» **WORK TASK**: Every line of the listing below should be written out exactly, minus its images.

── INPUT DATA ──

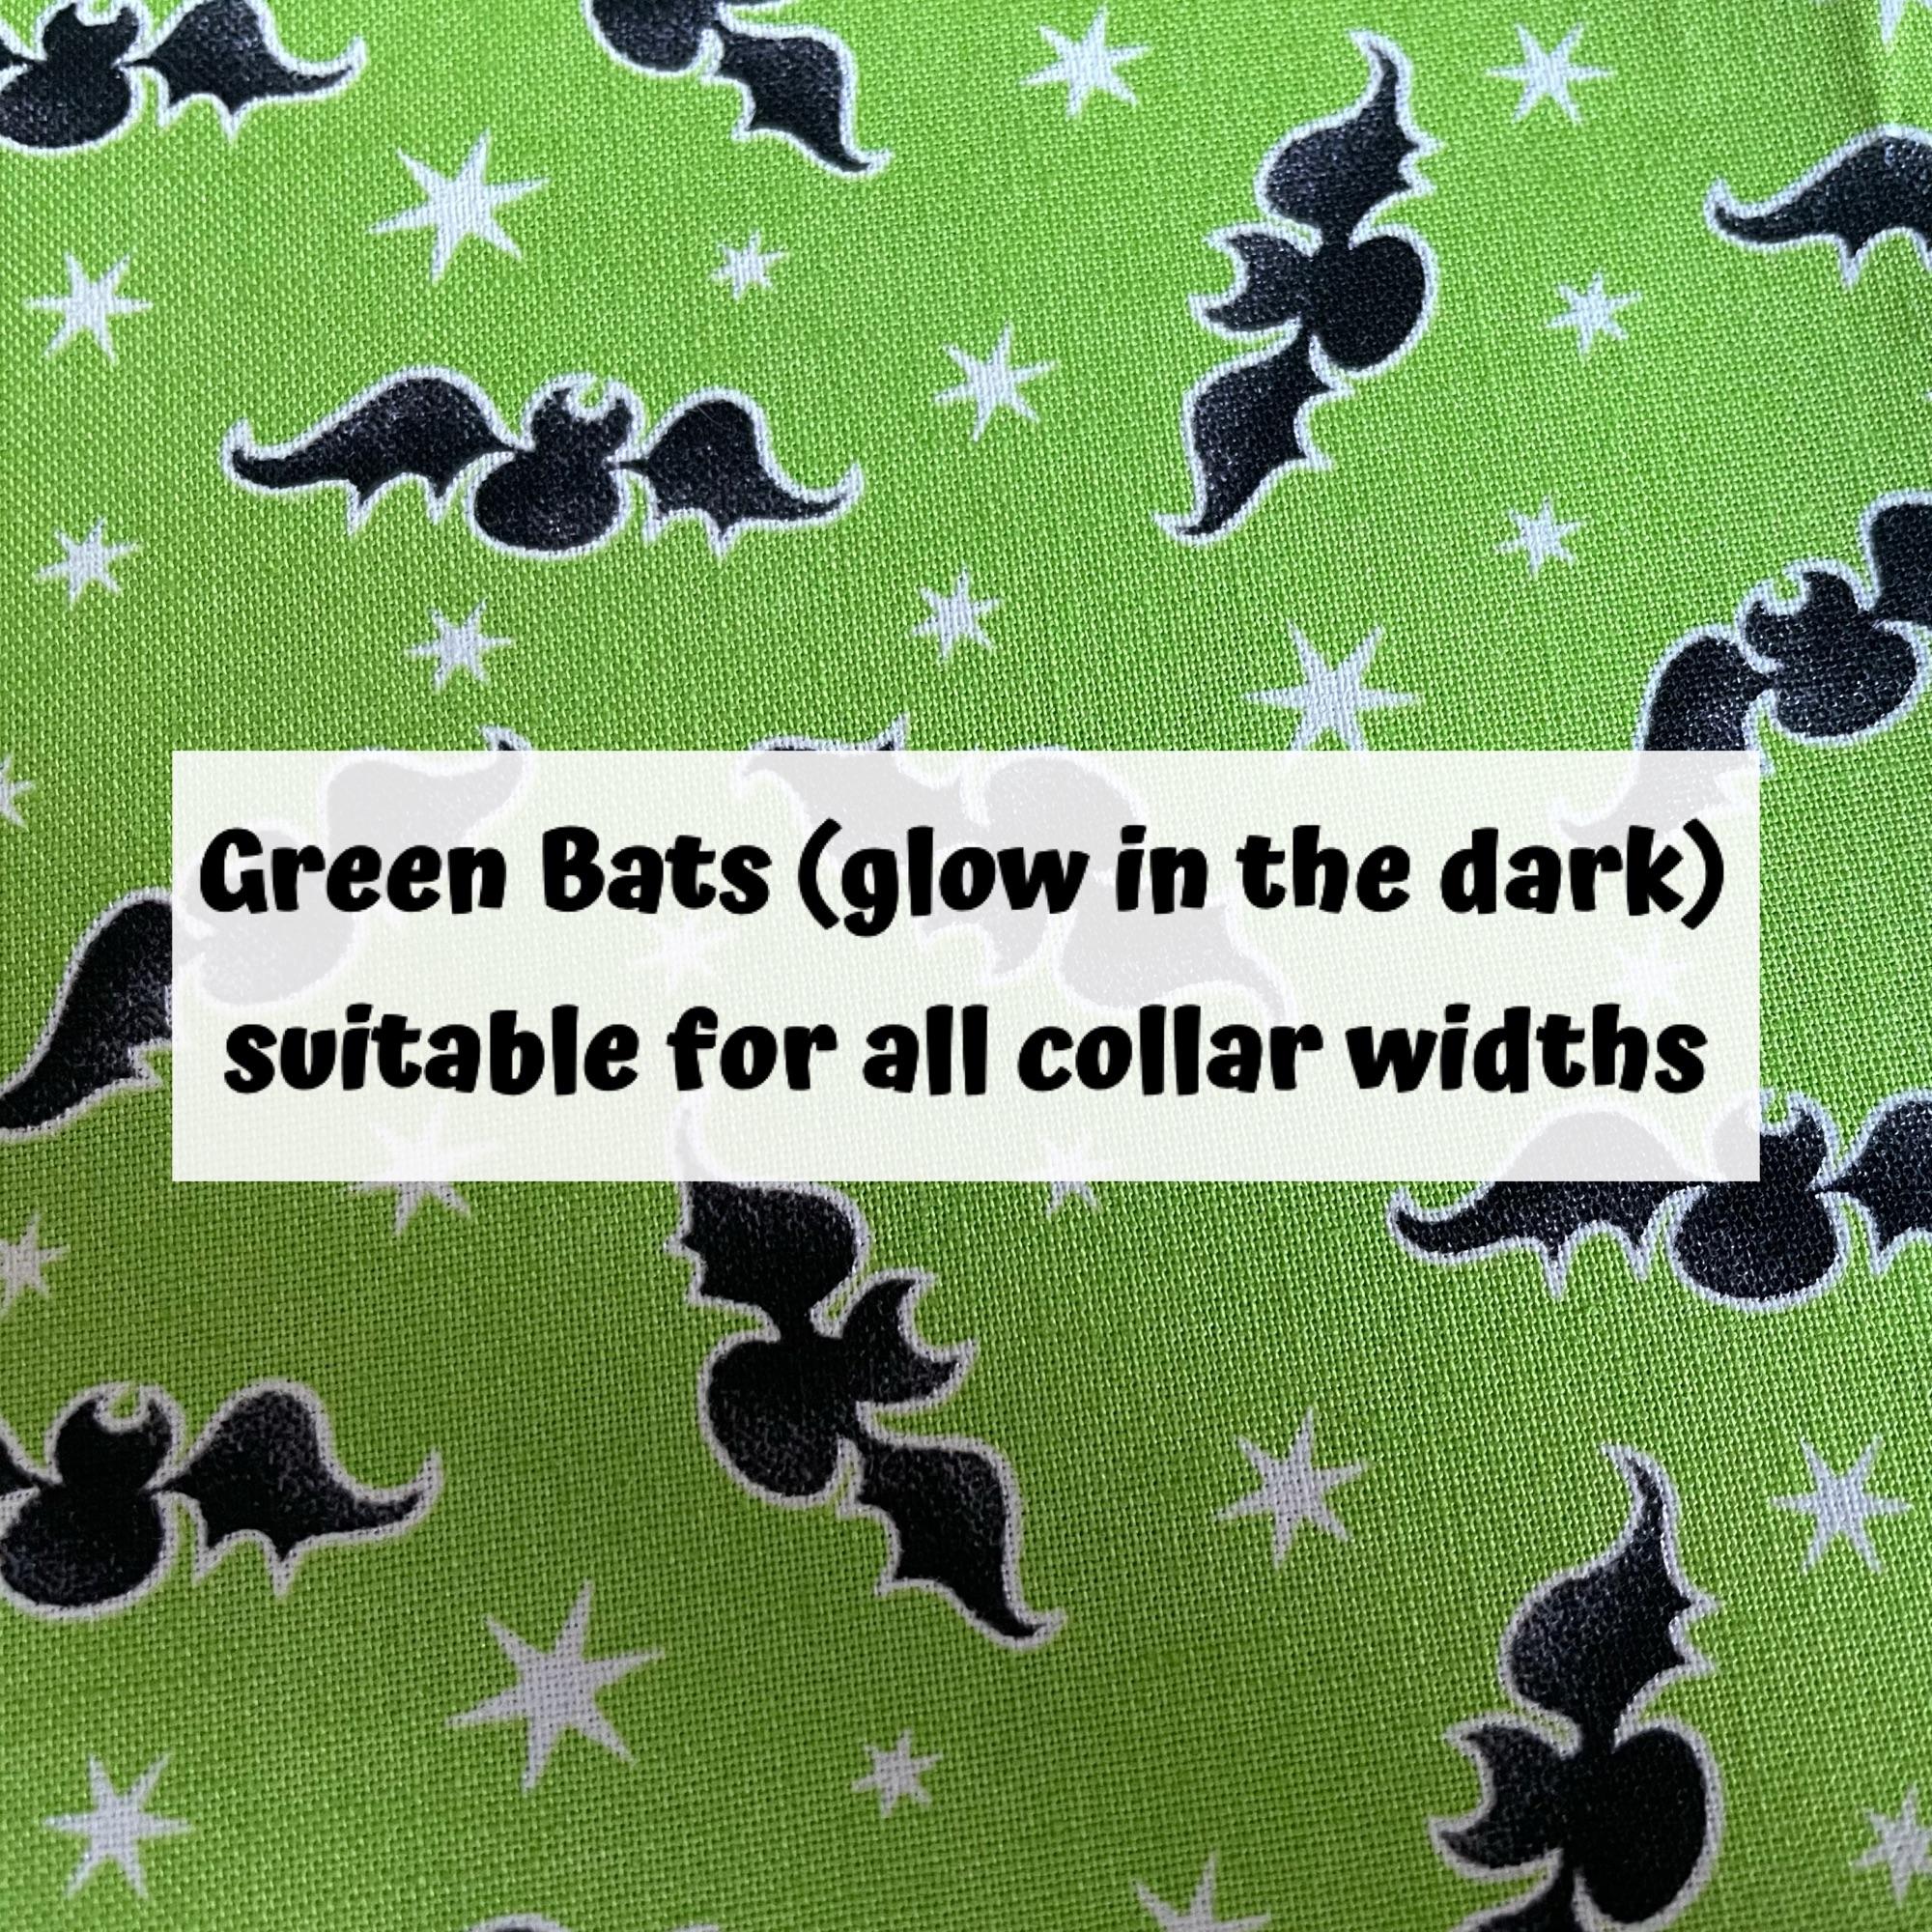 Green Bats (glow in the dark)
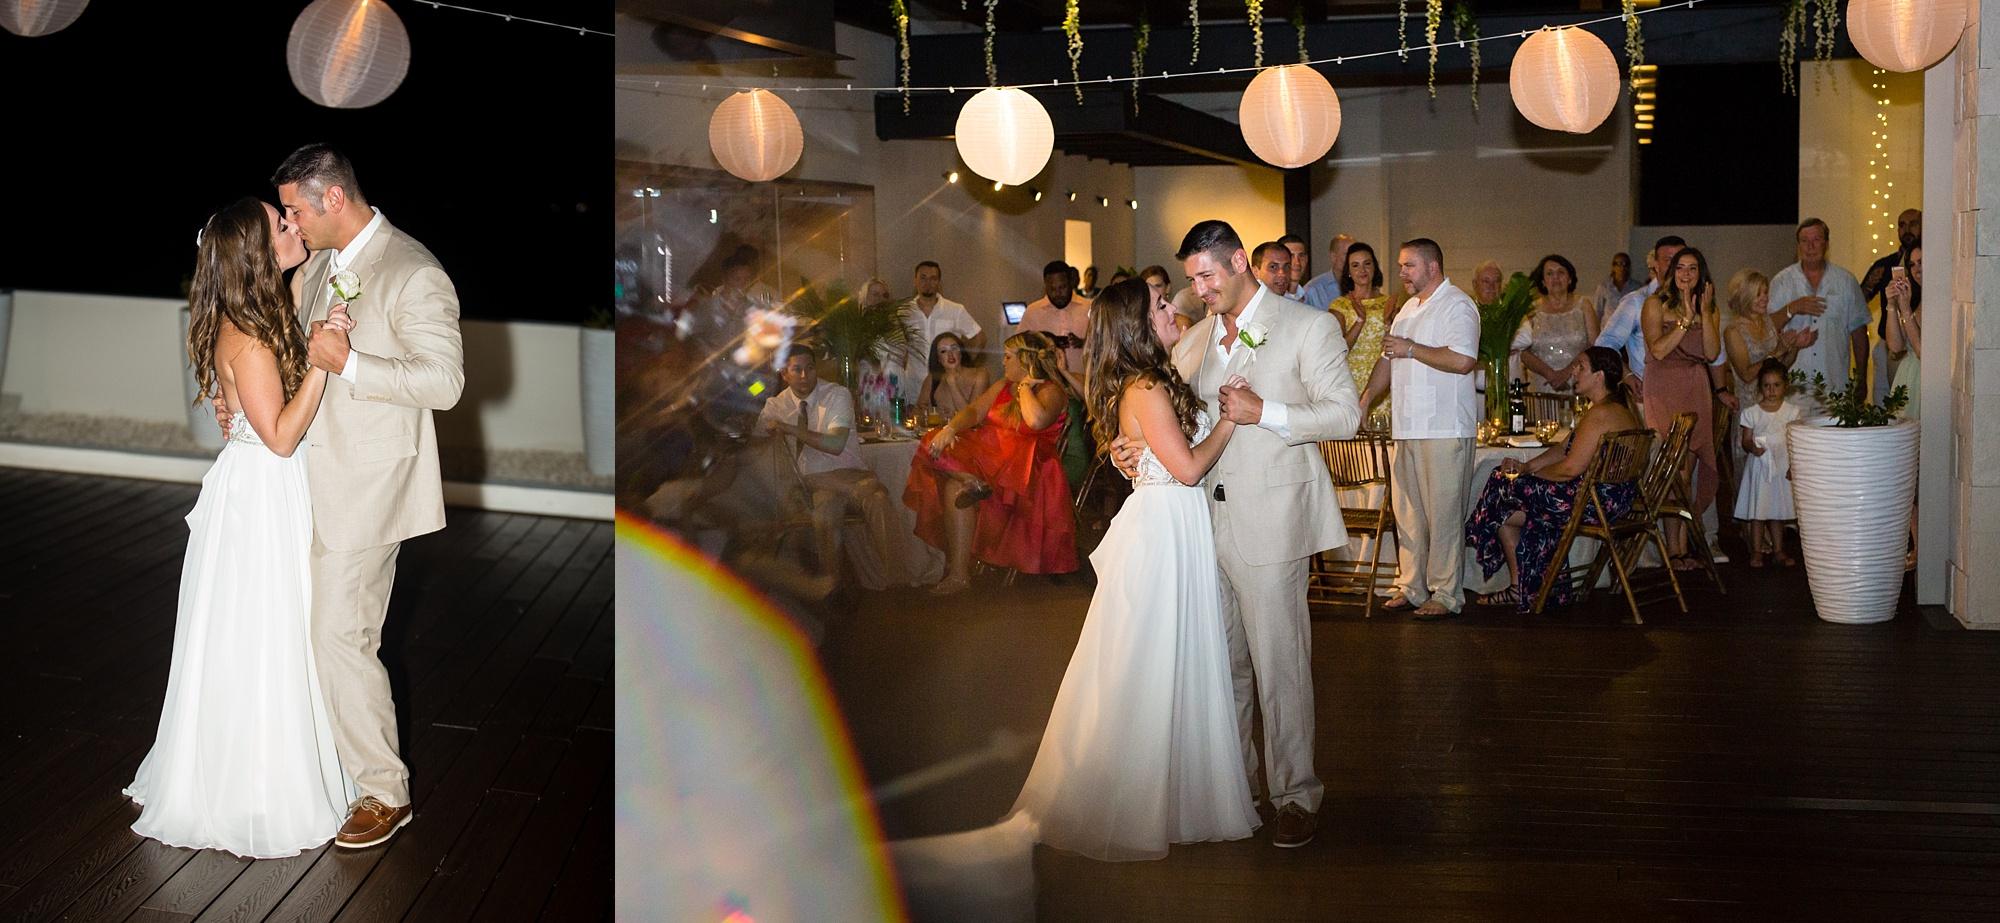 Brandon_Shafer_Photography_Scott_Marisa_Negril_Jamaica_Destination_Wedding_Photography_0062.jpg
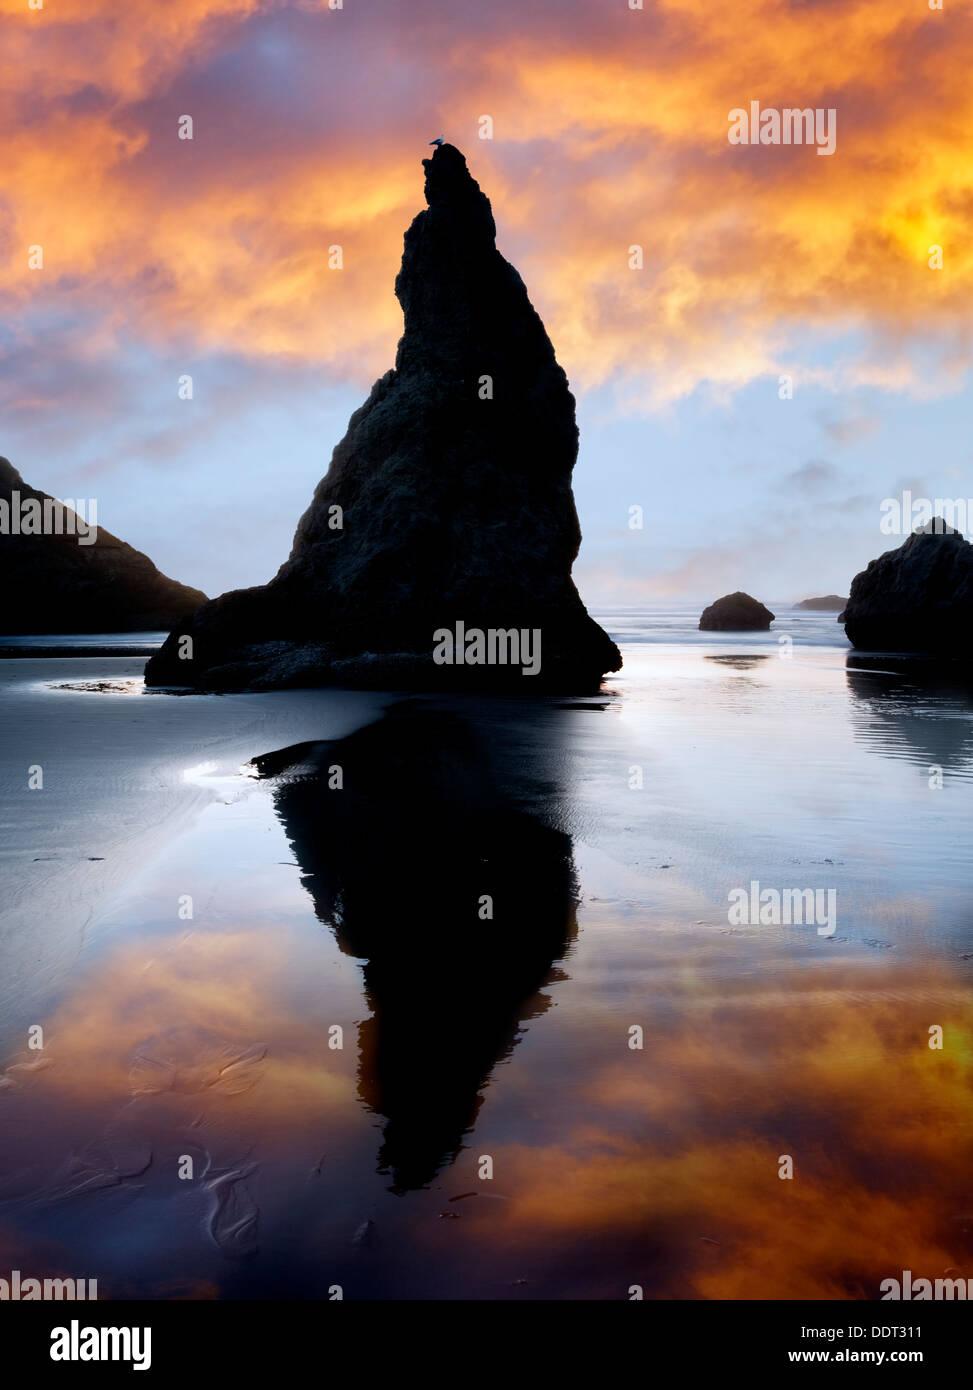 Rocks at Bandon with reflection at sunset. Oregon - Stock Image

───

» **RESPONSE FOR THIS EXERCISE**:
 Green Bats (glow in the dark)
 Brandon_Shafer_Photography_Scott_Marisa_Negril_Jamaica_Destination_Wedding_Photography_0062.jpg
 Rocks at Bandon with reflection at sunset. Oregon - Stock Image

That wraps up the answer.